● Exercise aim
Find the line below with "Вулкан-24 Ком - это". Print it and every line after it exactly, through the last line, leaving out the pictures.

● Source data
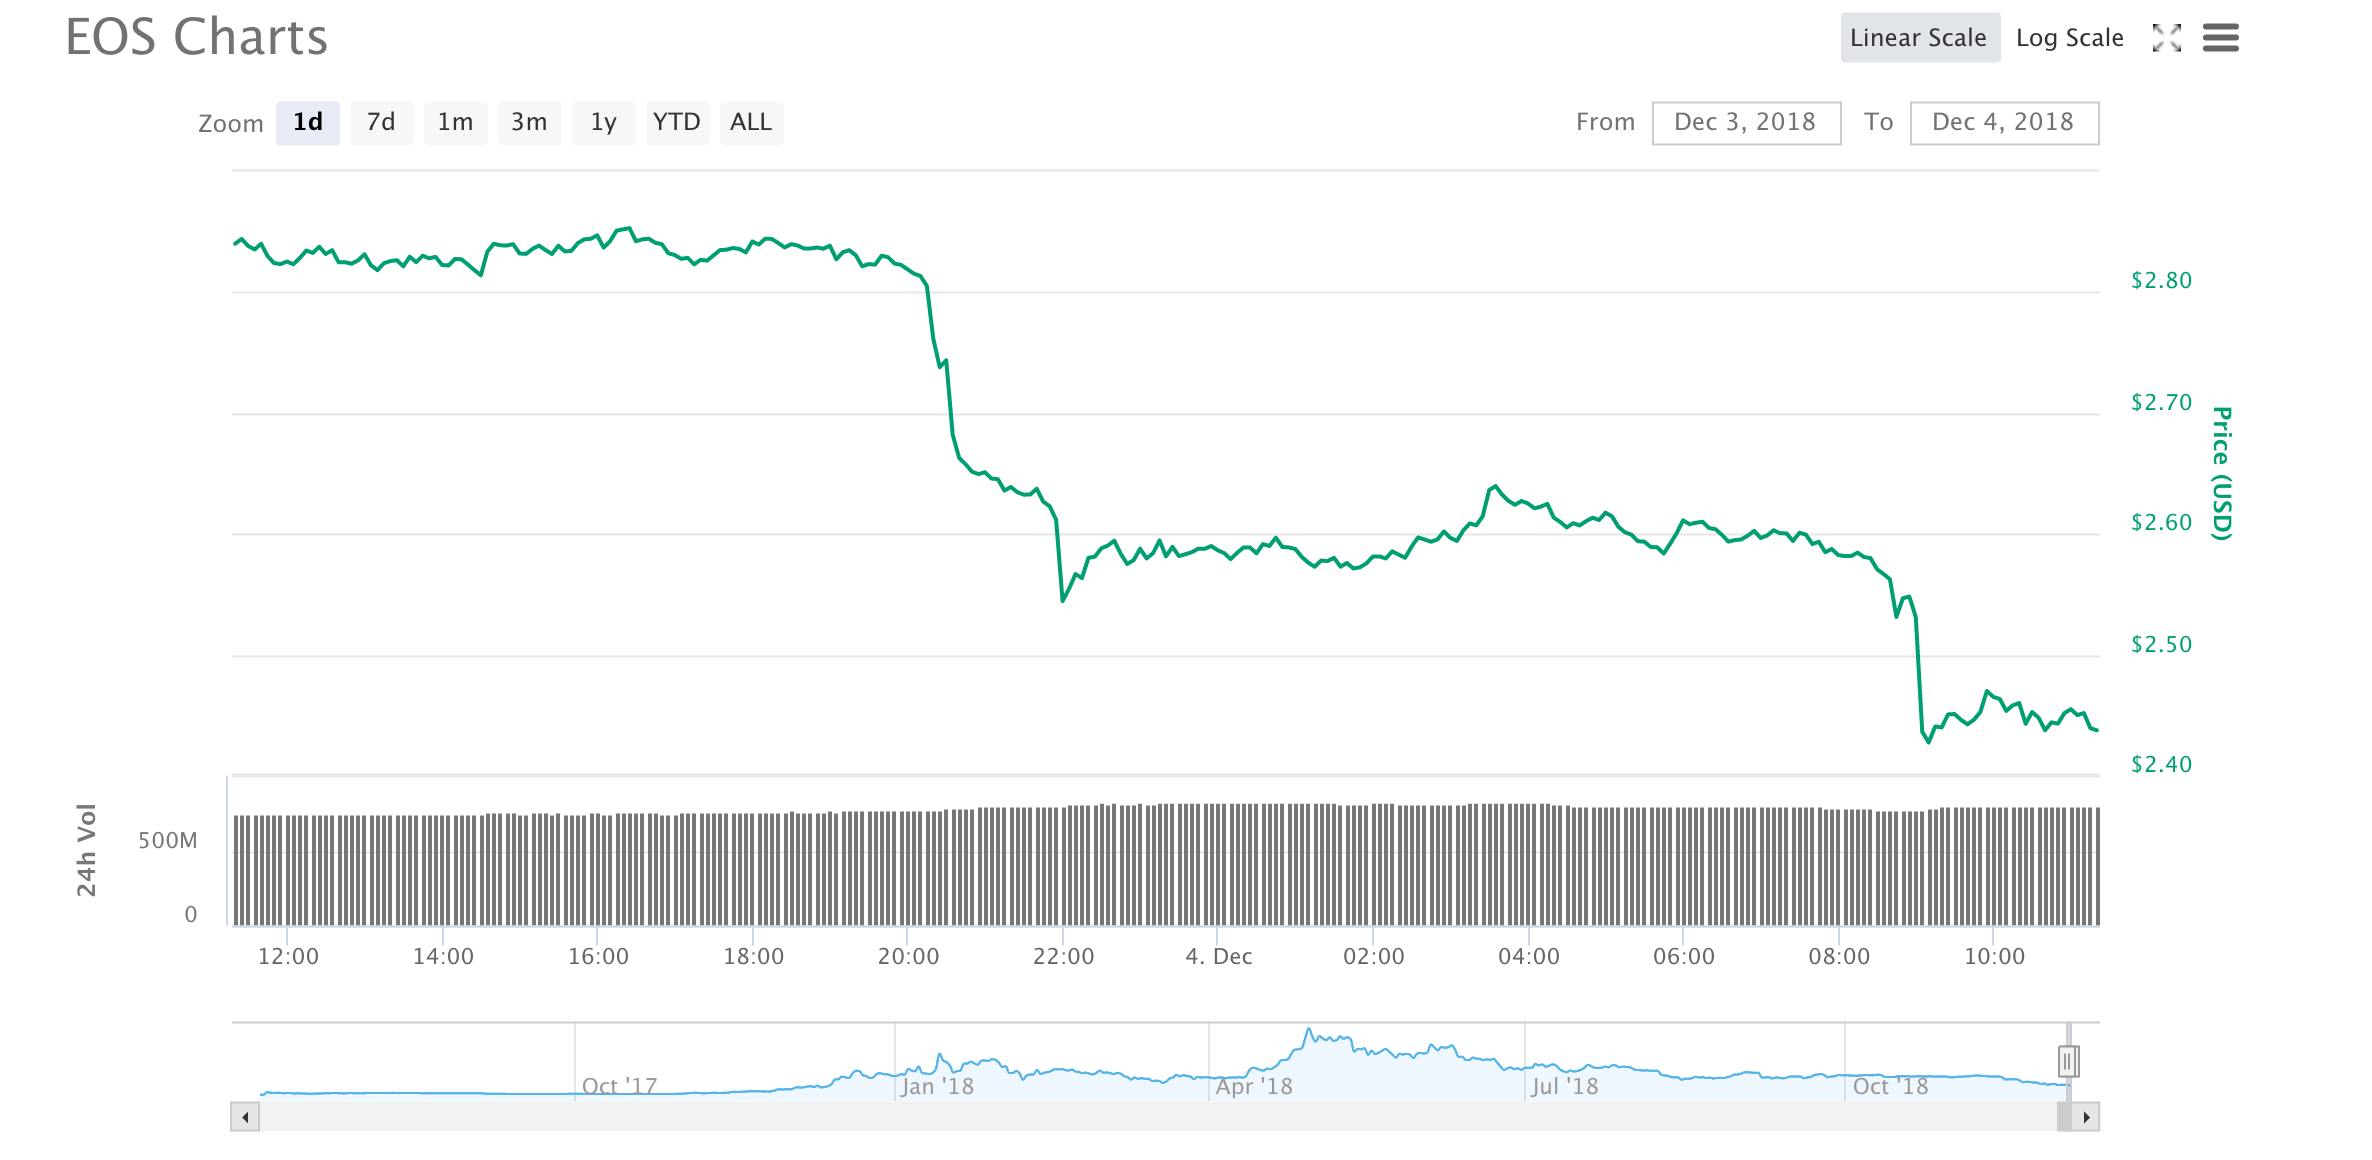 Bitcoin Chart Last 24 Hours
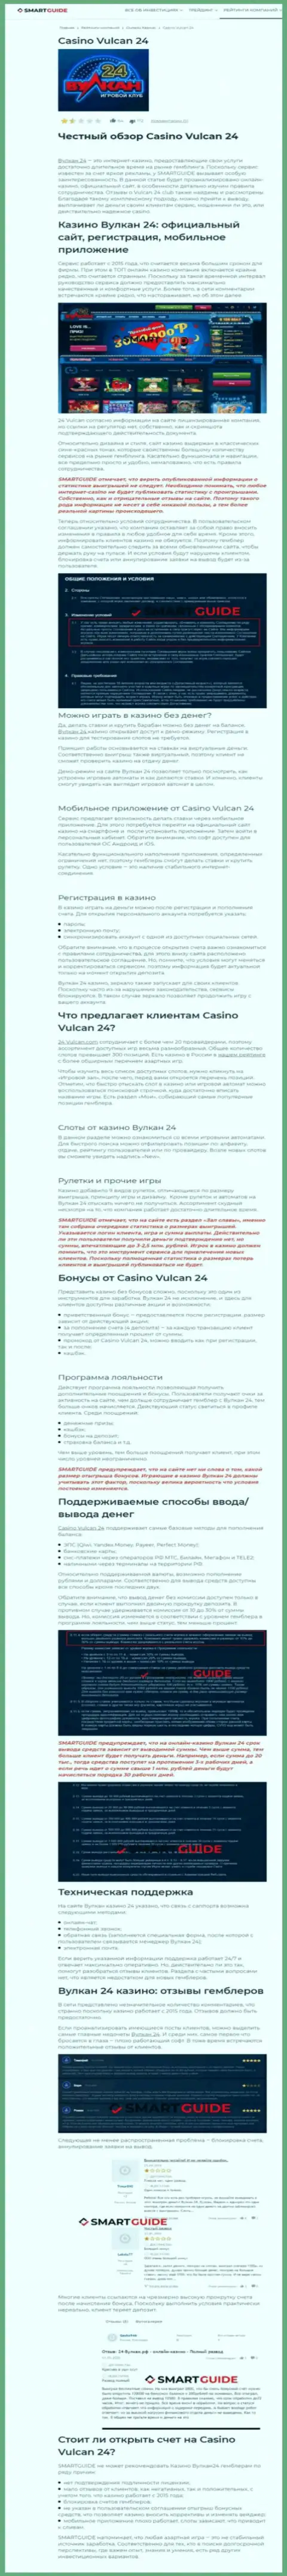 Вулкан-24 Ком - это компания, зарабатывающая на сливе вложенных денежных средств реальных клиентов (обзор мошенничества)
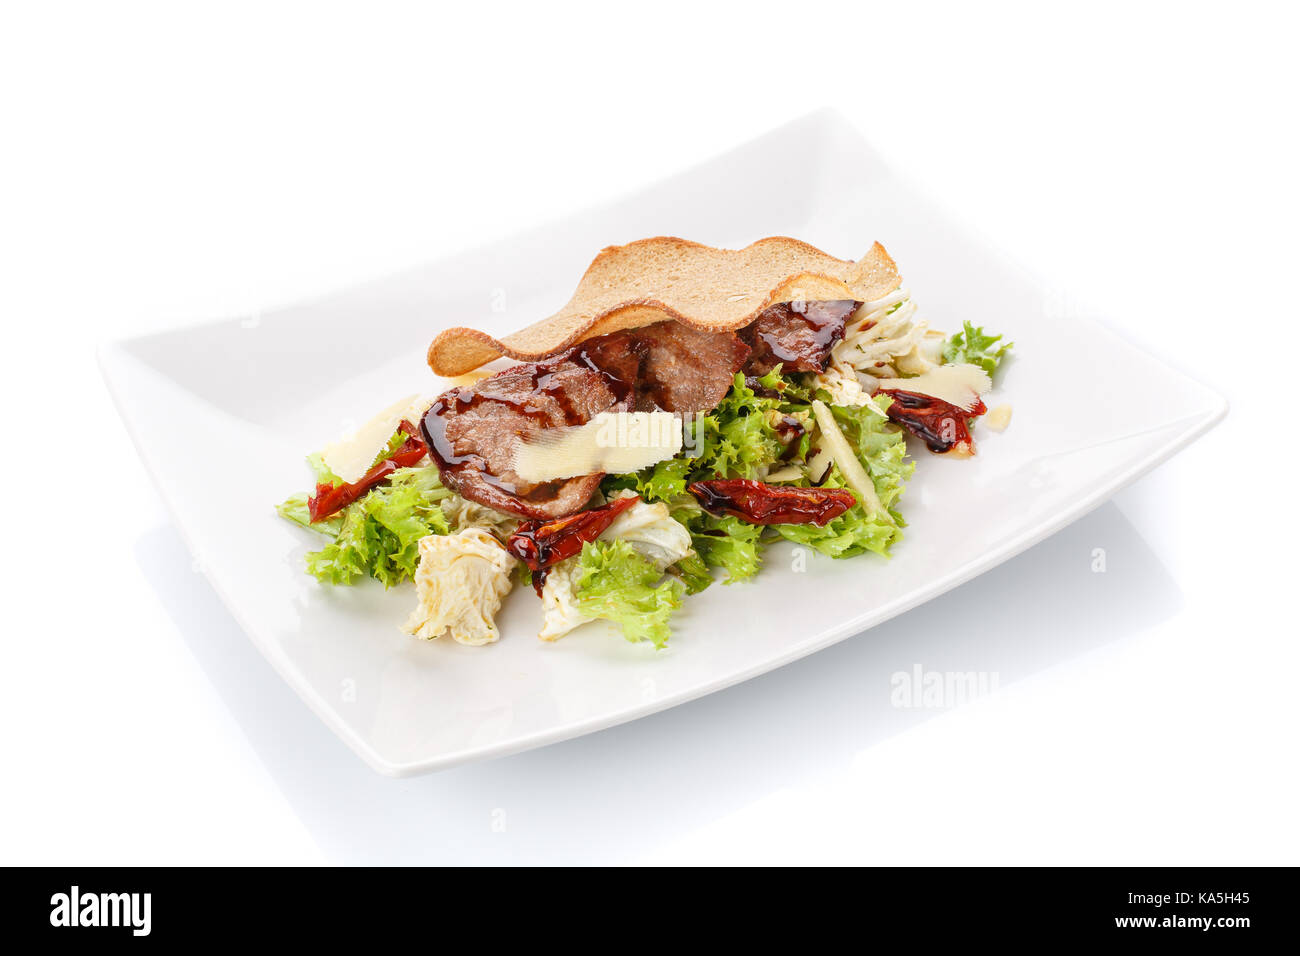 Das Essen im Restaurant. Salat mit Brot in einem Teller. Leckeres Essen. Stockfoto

● Reply to the exercise
 Вулкан-24 Ком - это компания, зарабатывающая на сливе вложенных денежных средств реальных клиентов (обзор мошенничества)
 Das Essen im Restaurant. Salat mit Brot in einem Teller. Leckeres Essen. Stockfoto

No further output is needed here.